WORK REQUEST = Restate word for word the part of the material that runs from the line containing "2pcs Colorblock Running" through its final line, inclusive, minus the pictures.

INFORMATION SHOWN =
################

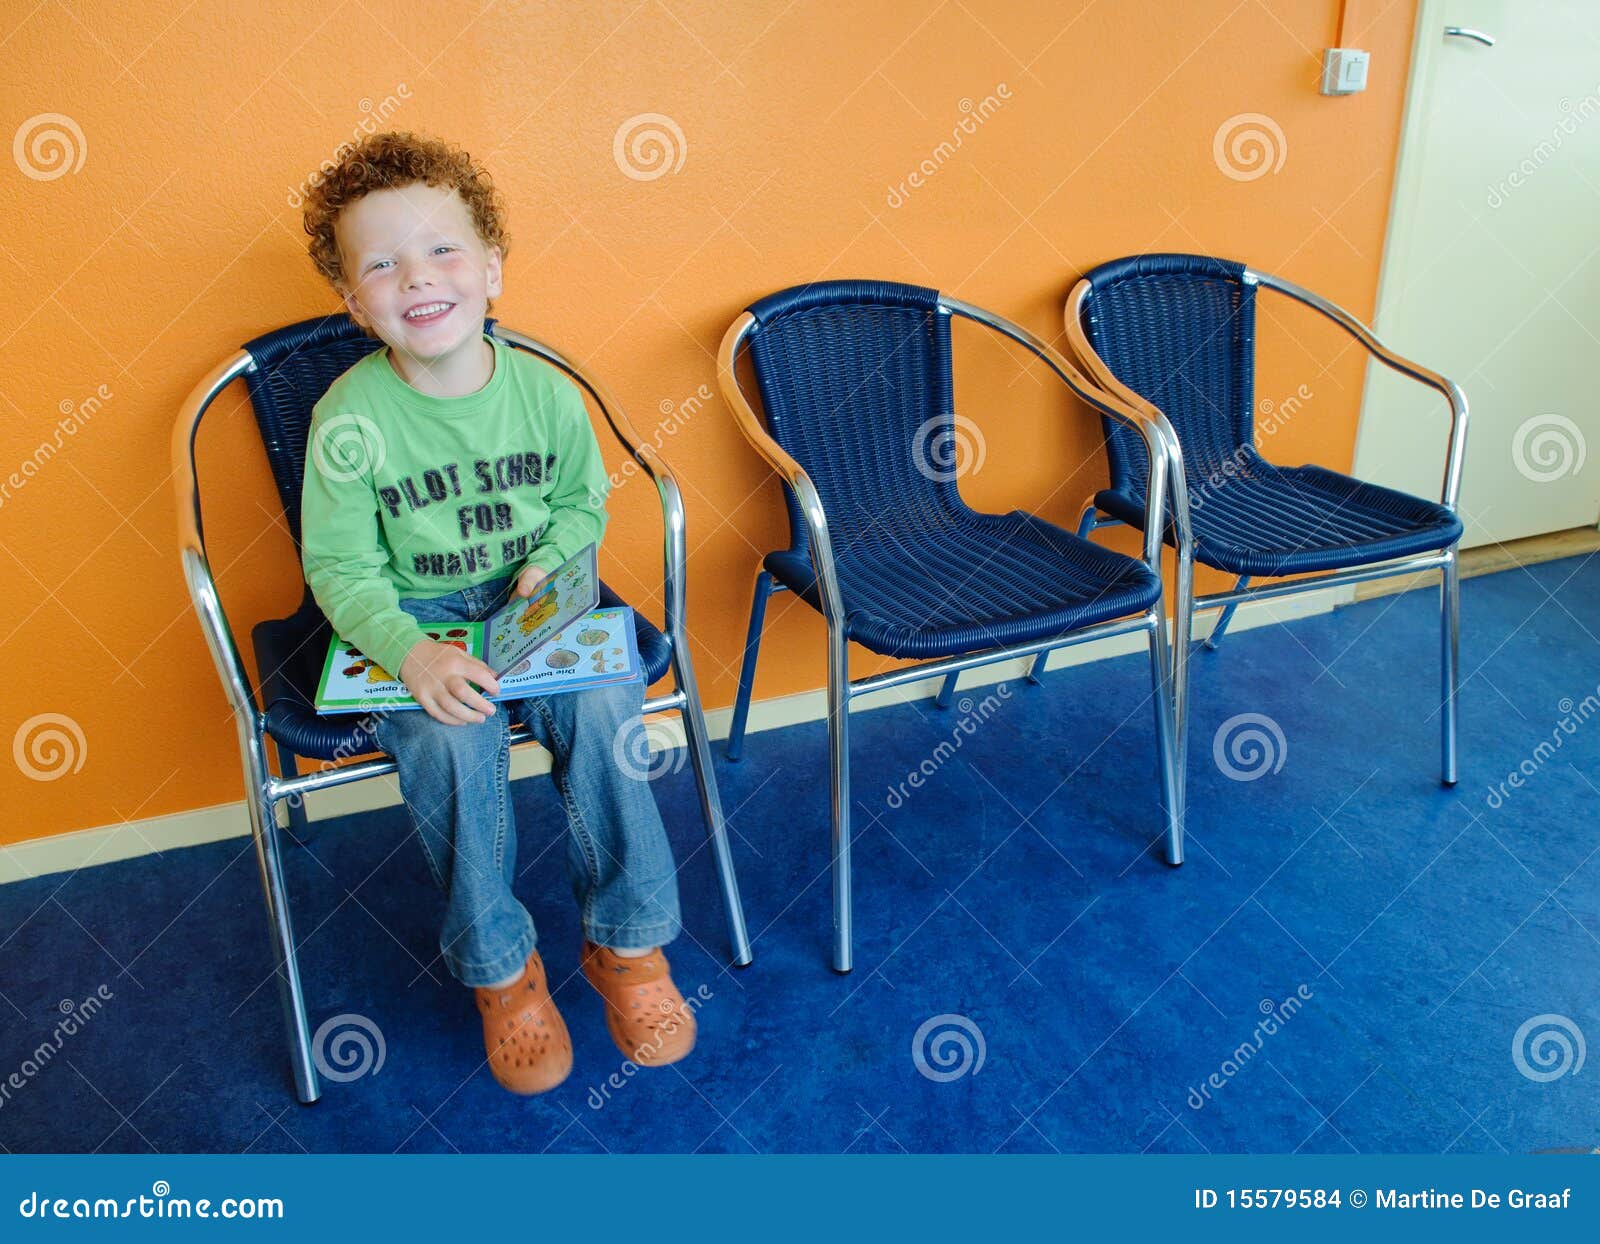 kids waiting room furniture
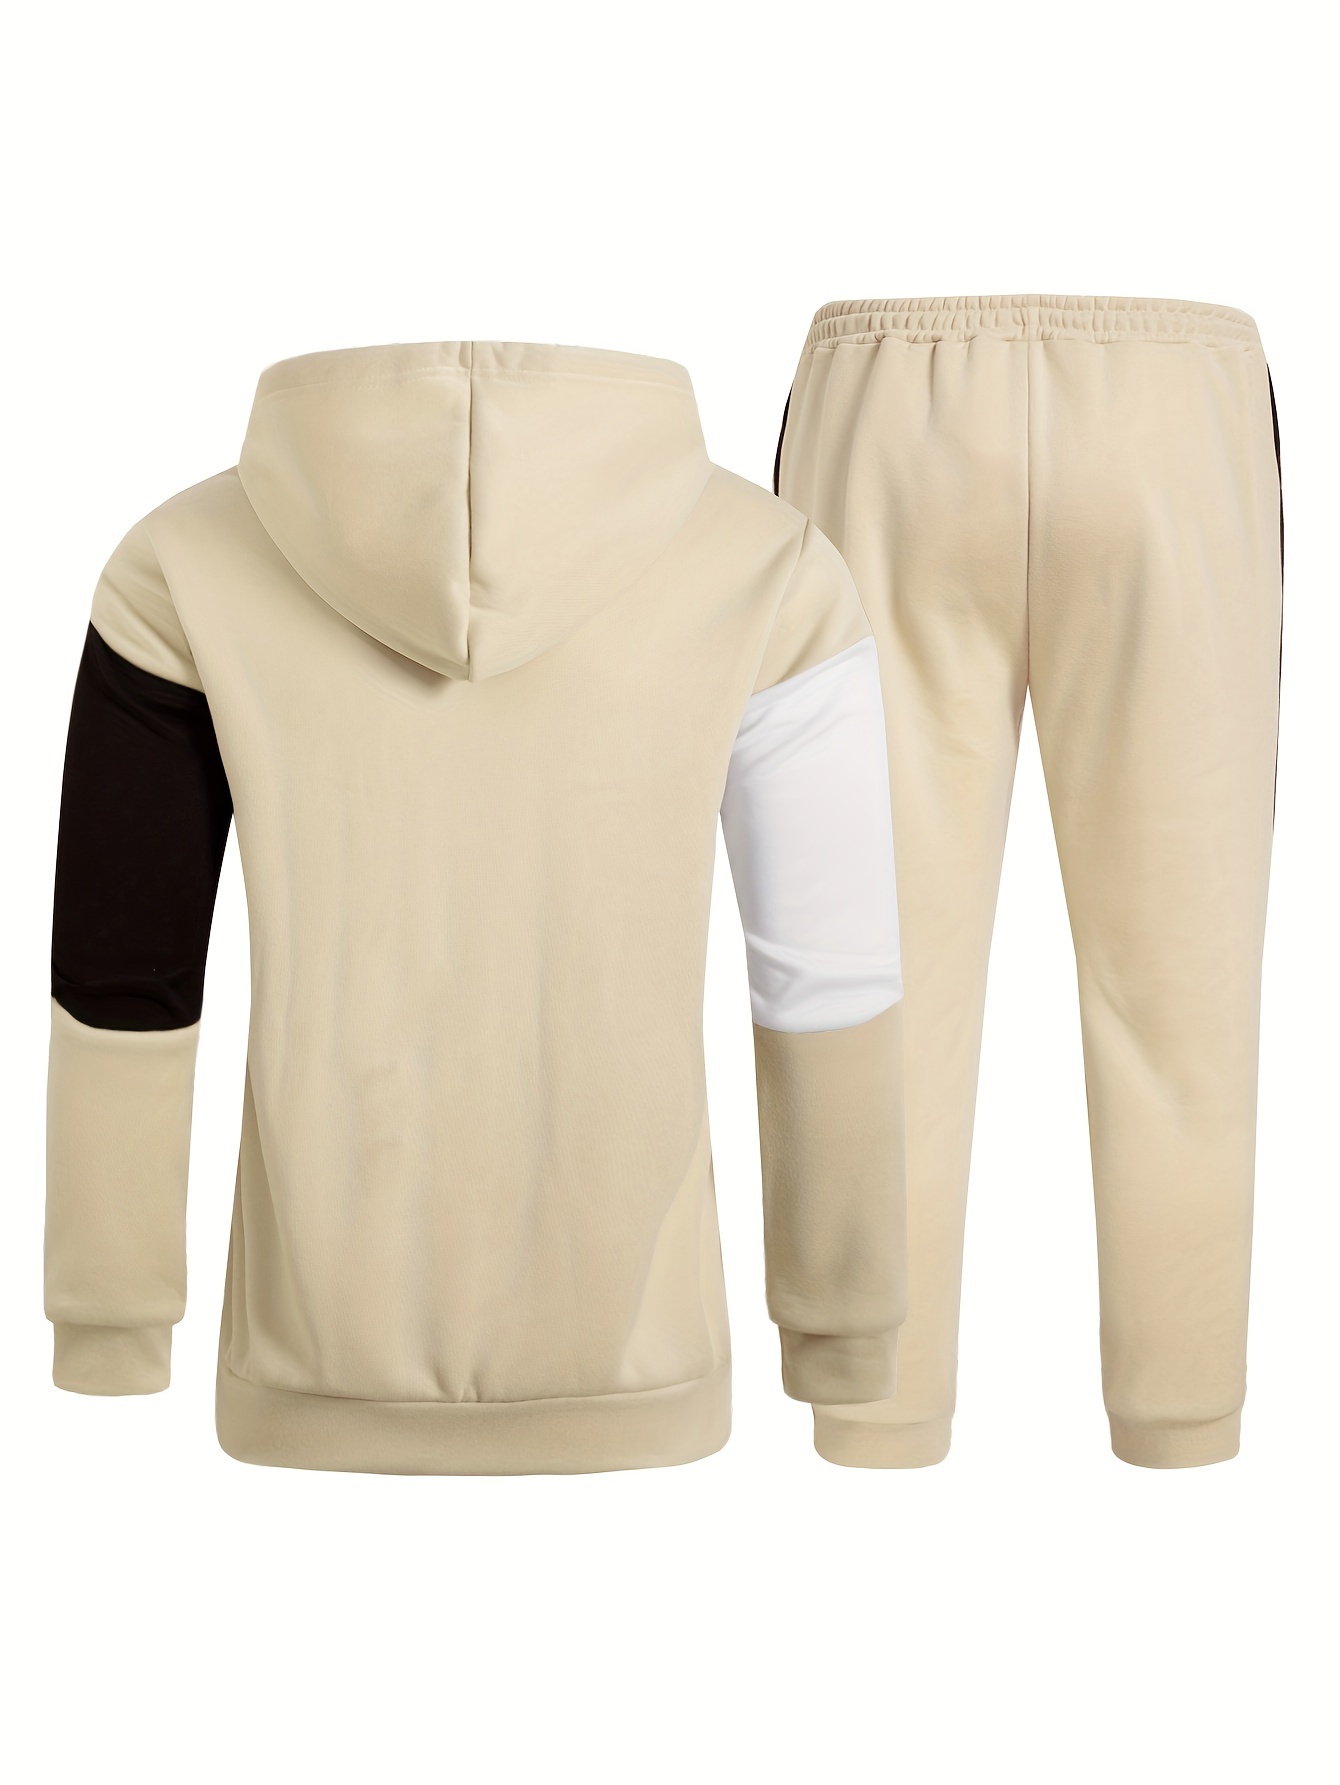 2pcs Colorblock Running Athletic Suit Zip Up Jacket & Compression Leggings
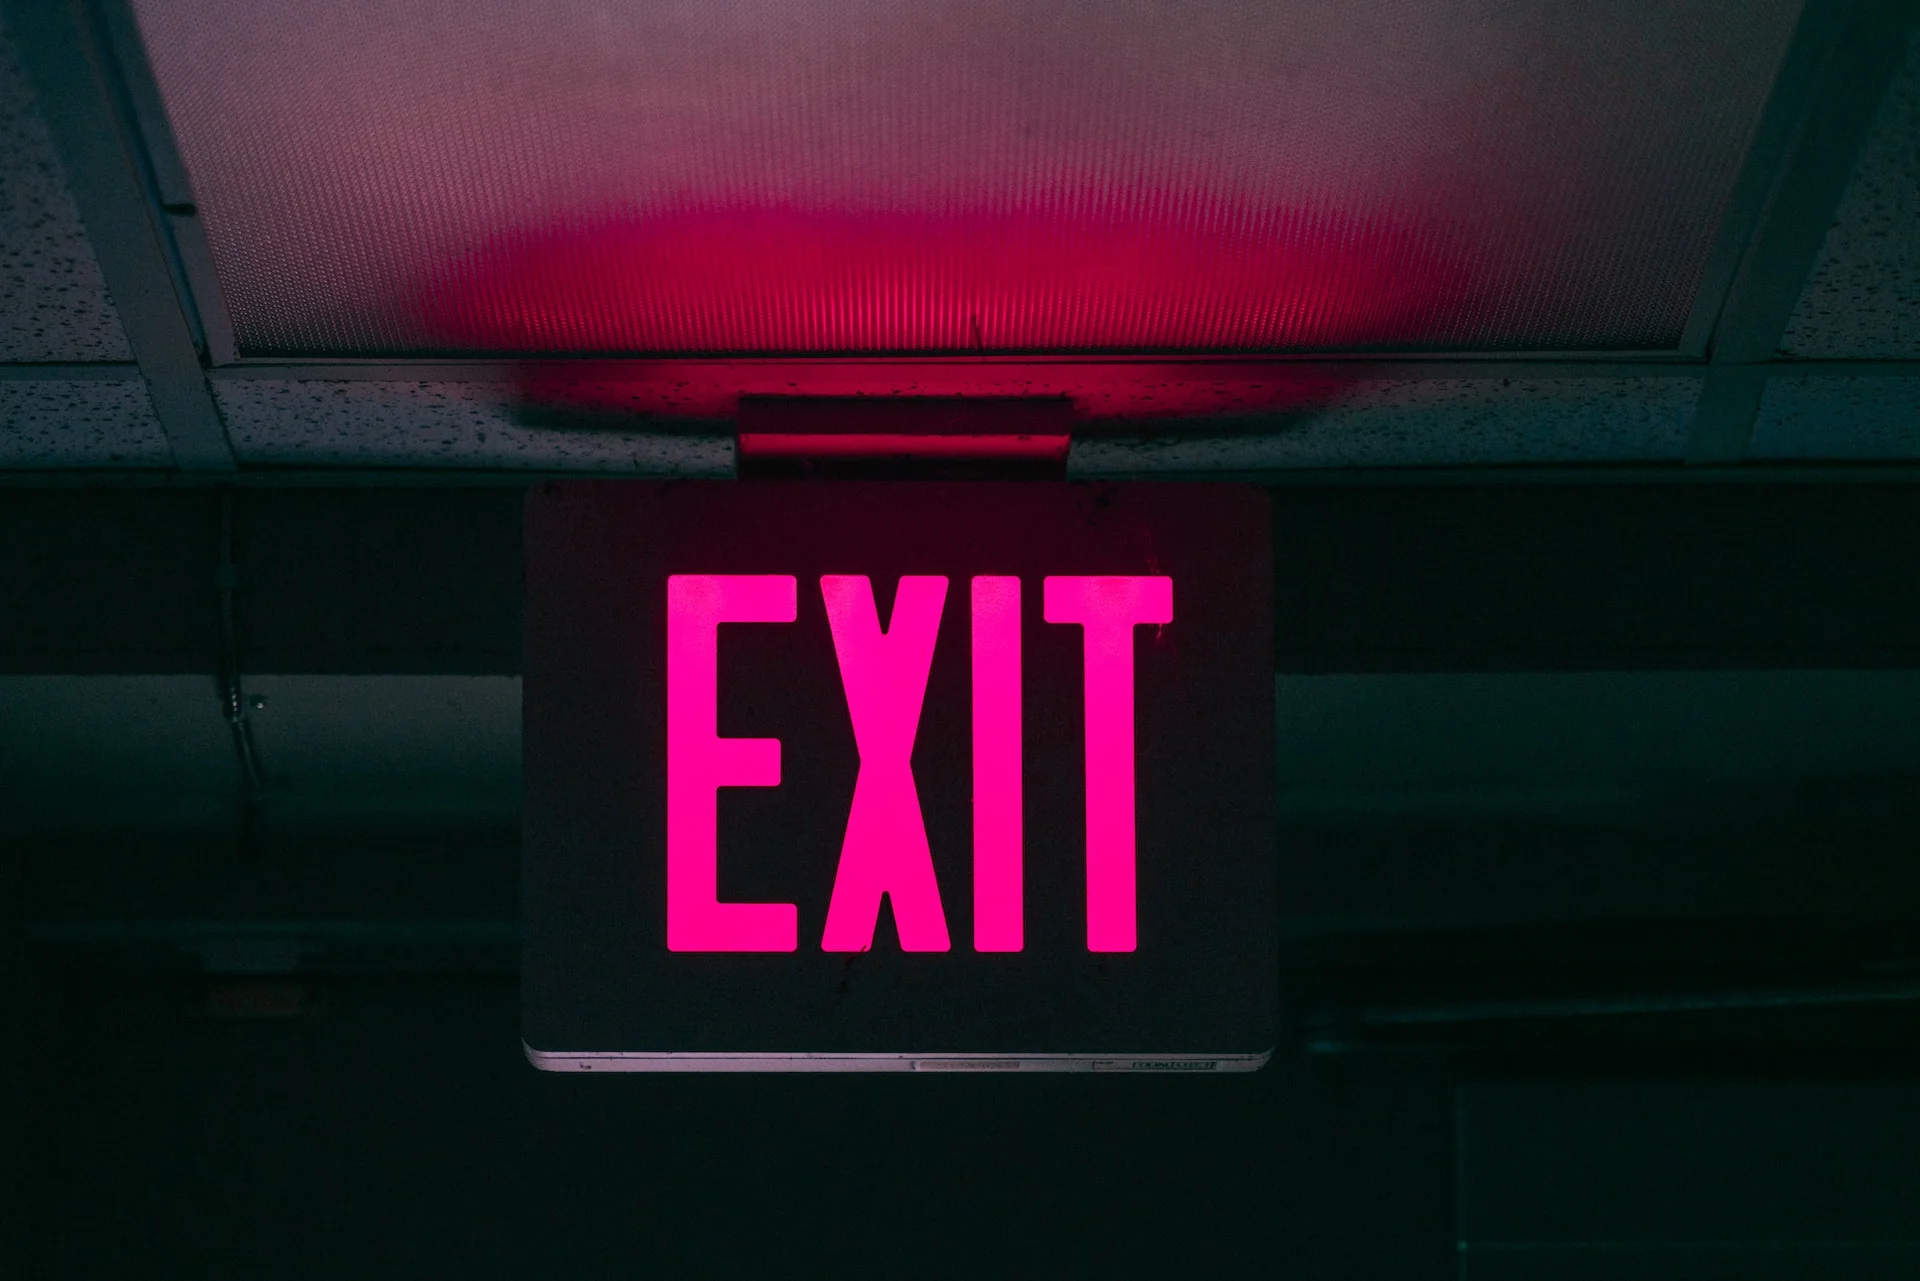 exit lights

################

RESULT =
 2pcs Colorblock Running Athletic Suit Zip Up Jacket & Compression Leggings
 exit lights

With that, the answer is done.